Stop me if you’ve heard this one before: men and women communicate differently.
Are you nodding your head yes at this little nugget of truth? Are you nodding it vigorously and frequently? Several studies show that women engaged in conversation tend to nod more often and with more emphasis than men. What’s more, men and women both seem to pick up on this rhythm, and nod more frequently when talking to a woman than they do when chatting with a man.
What’s really going on here? Does a man feel like he has to act more like a woman when he speaks with one? Do women think it’s all right to be a “yes” woman among their own, but hold their heads in check when speaking with a man?
The answer has less to do with social manners and more to do with simple motion, say researchers at the University of Virginia’s Human Dynamics Lab: people adjust their nodding to match the head movements of their conversational partners, no matter who they are.

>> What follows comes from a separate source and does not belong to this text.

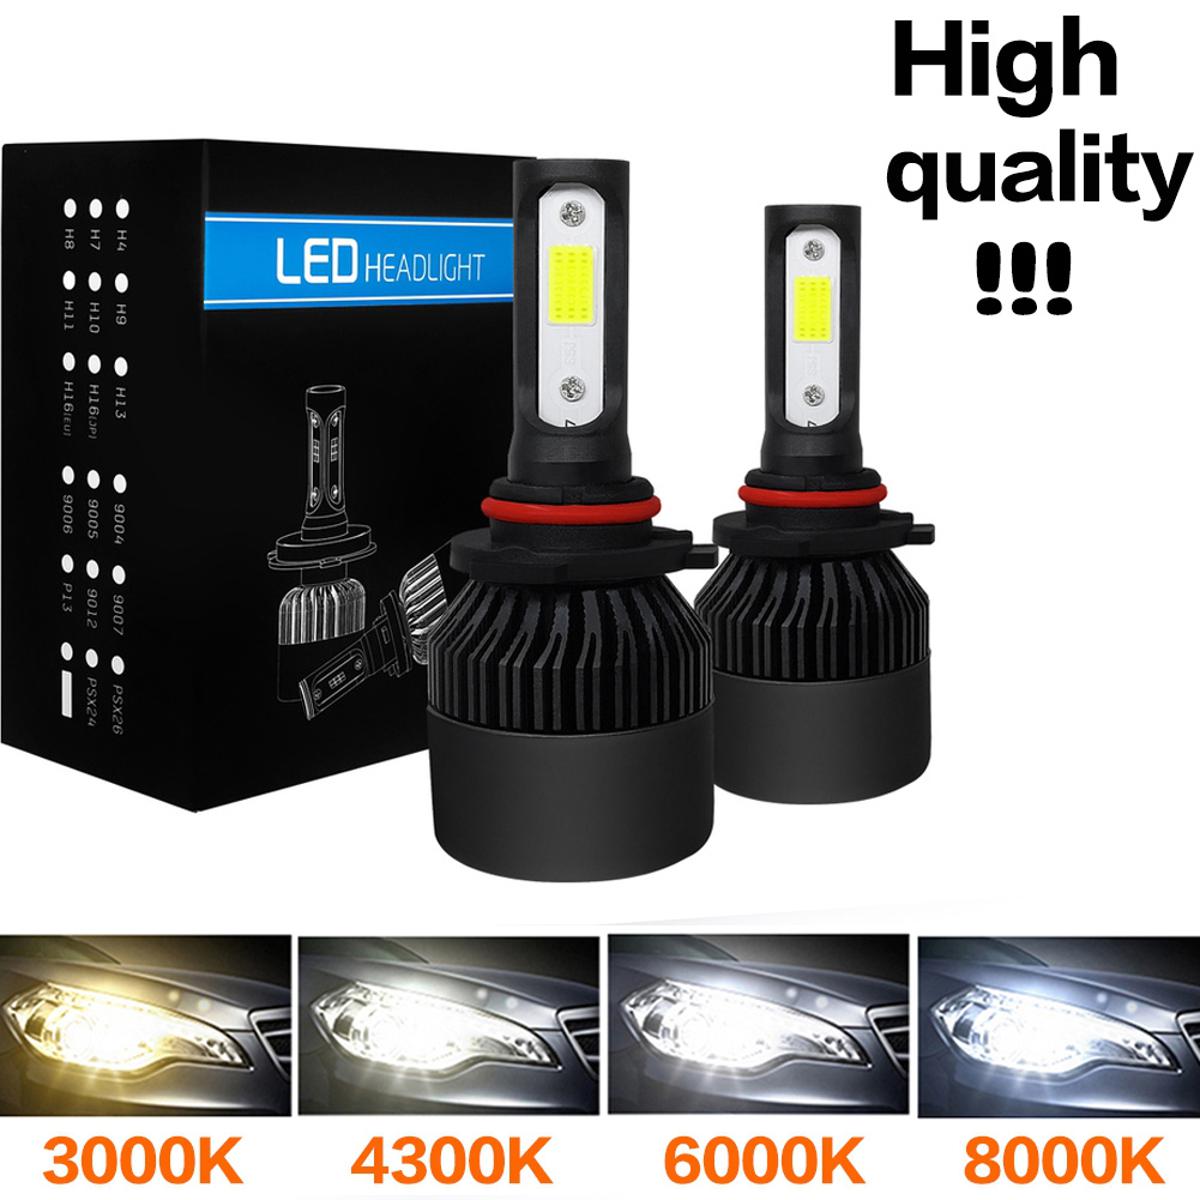 Quality upgrade】1 Pair LED H4 8000K Car Headlight 10000LM Auto LED Headlight
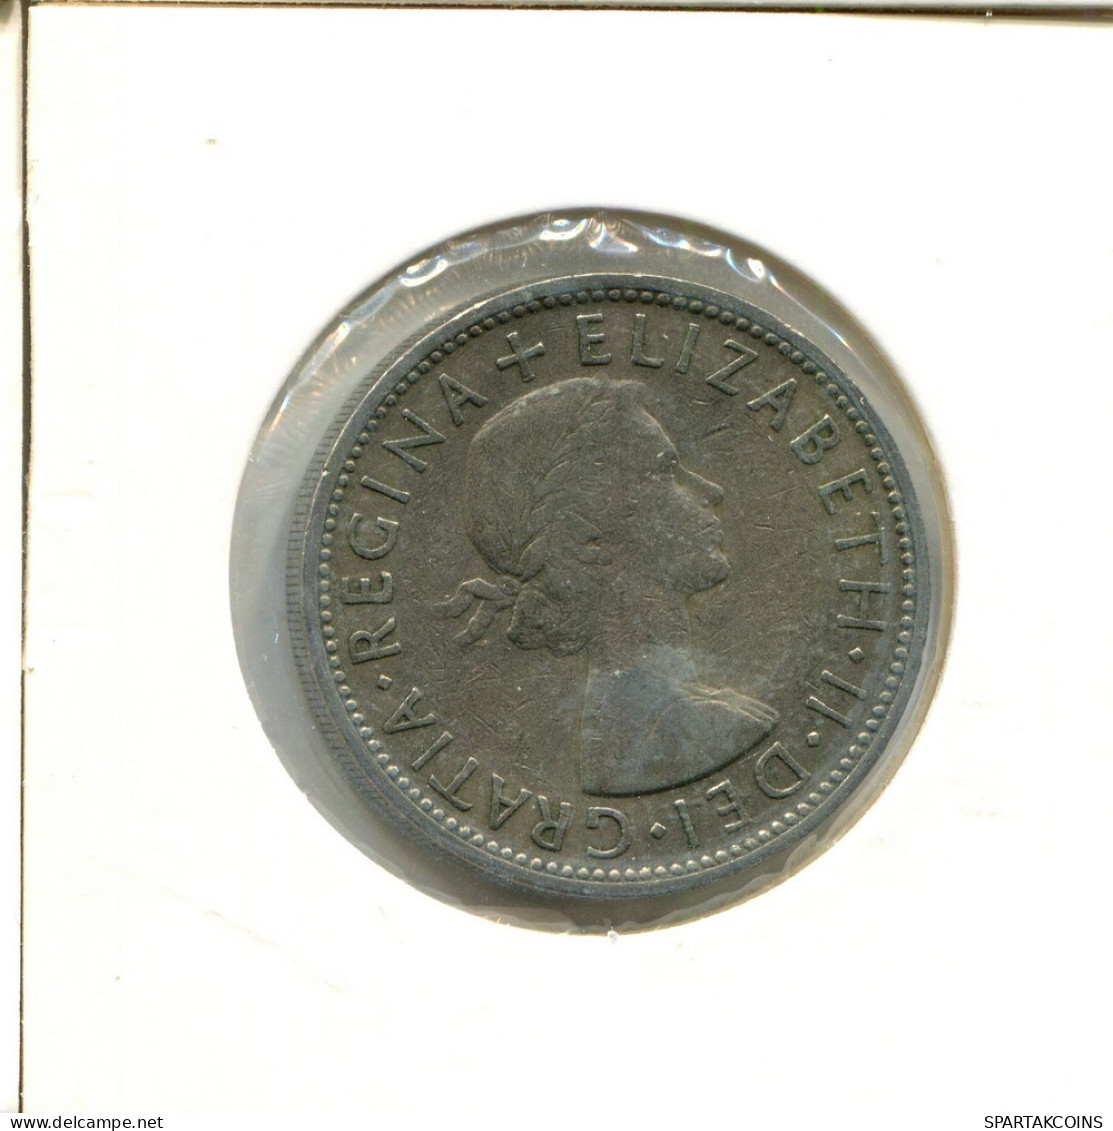 2 SHILLINGS 1963 UK GREAT BRITAIN Coin #BB132.U.A - J. 1 Florin / 2 Shillings

At the UVA lab, psychologist Steven Boker and his colleagues recorded the head movements of male and female students in the lab as they had short conversations with another student via video link. As the pair chatted about sports and spring break, the researchers used an elegant piece of technology to change the appearance of the video student’s face and voice in real time. Sometimes the students sitting in the lab saw a female face on the video screen when they were actually speaking to a man, and vice versa. (Watch the video above to see how this worked.)
But the researchers didn’t do anything to change the head movements of the video speakers, and they discovered that movements—not appearance--seemed to make all the difference .If a video speaker was a head-nodding woman, but her computerized image looked like a man, the lab students nodded right along with her.
"We found that people simply adapt to each other's head movements and facial expressions, regardless of the apparent sex of the person they are talking to," said Boker. “This is important because it indicates that how you appear is less important than how you move, when it comes to what other people feel when they speak with you.”
The head nod and other facial expressions such as lifted eyebrows are part of what language researchers call back channel cues. As a public speaker, it’s a route that can help you establish rapport with your audience. If you can get them nodding along with you, Boker said, you may be able to activate pathways in their brains that help them empathize with your feelings.
So yes, men and women do differ when it comes to communication styles. But maybe it’s reassuring to know that this is one case that has less to do with the battle of the sexes, and more to do with a meeting of the minds.